Has anyone performed assembly with Nextera mate pairs and has seen the following problem?
We're doing mammalian assemblies using Nextera 8 kbp-insert mate-pairs, and the results are abnormal. The total assembly size is way larger than expected: because it has 1 Gbp of NNN's in scaffolds. The total contigs size matches the genome size.
Some detailed information regarding the data and the assembly:
- mammalian genome
- Lib1: HiSeq 150 bp paired-end 500 bp insert, 30x coverage
- Lib2: HiSeq 150 bp mate-pairs 3kbp insert (not sure about protocol), 10x coverage
- Lib3: HiSeq 150 bp mate-pairs 8kbp insert (Nextera), 30x coverage
- assembler: SOAPdenovo2 latest
- Lib1 and Lib2 were adapter-trimmed using nesoni
- Lib3 was adapter-trimmed using nextclip (which had a positive impact on scaffold N50) and to those familiar with nextclip, we kept the A-B-C categories only.
Some extra steps we tried:
- When we assemble Lib1 and Lib2 together, the total scaffolds size is what we expect (3 Gbp, 30 Kbp scaffold N50).
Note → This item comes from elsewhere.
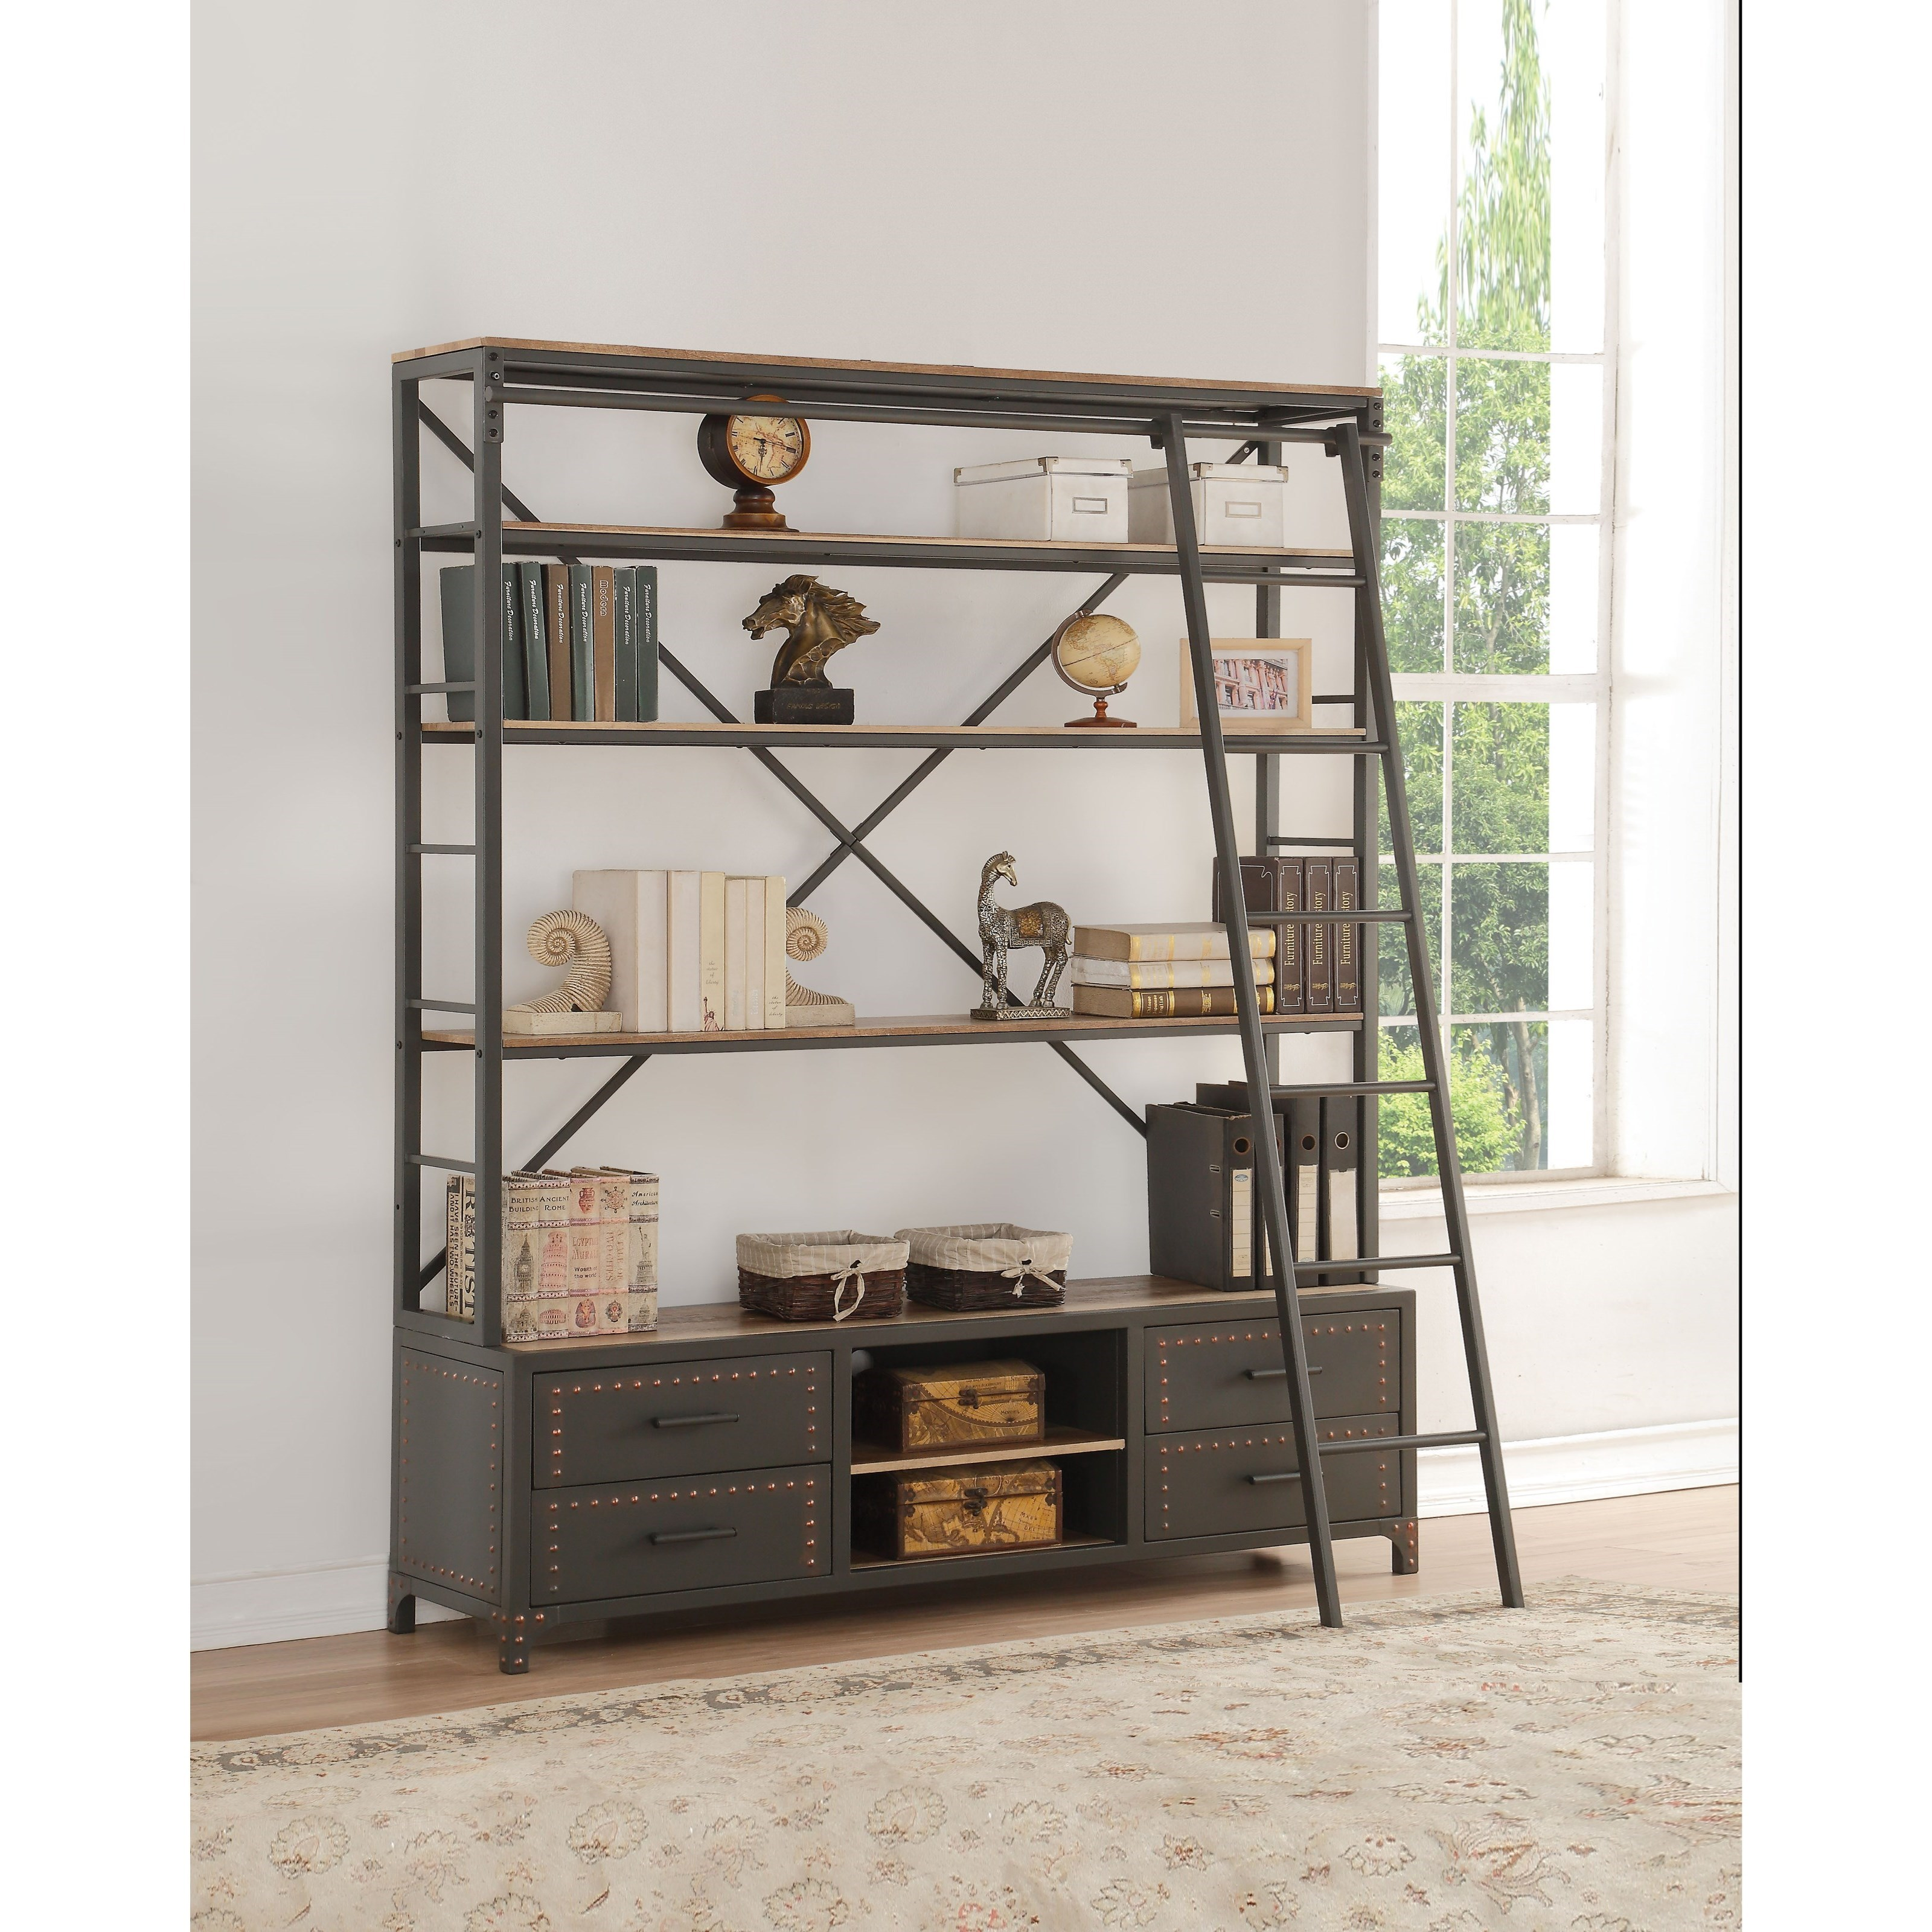 Actaki Bookshelf & Ladder by Acme Furniture at Carolina Direct

So all is fine here.
- When we assemble all libs together, the total scaffolds size is too high (4 Gbp, 150 Kbp scaffold N50).
- When Lib3 is untrimmed, the total scaffolds size is terrible (6 Gbp) and contigs size is also odd (3.5 Gbp).
- Whether Lib3 is included in the contigs step or not (asm_flags=2 or 3) does not have a significant impact on the results.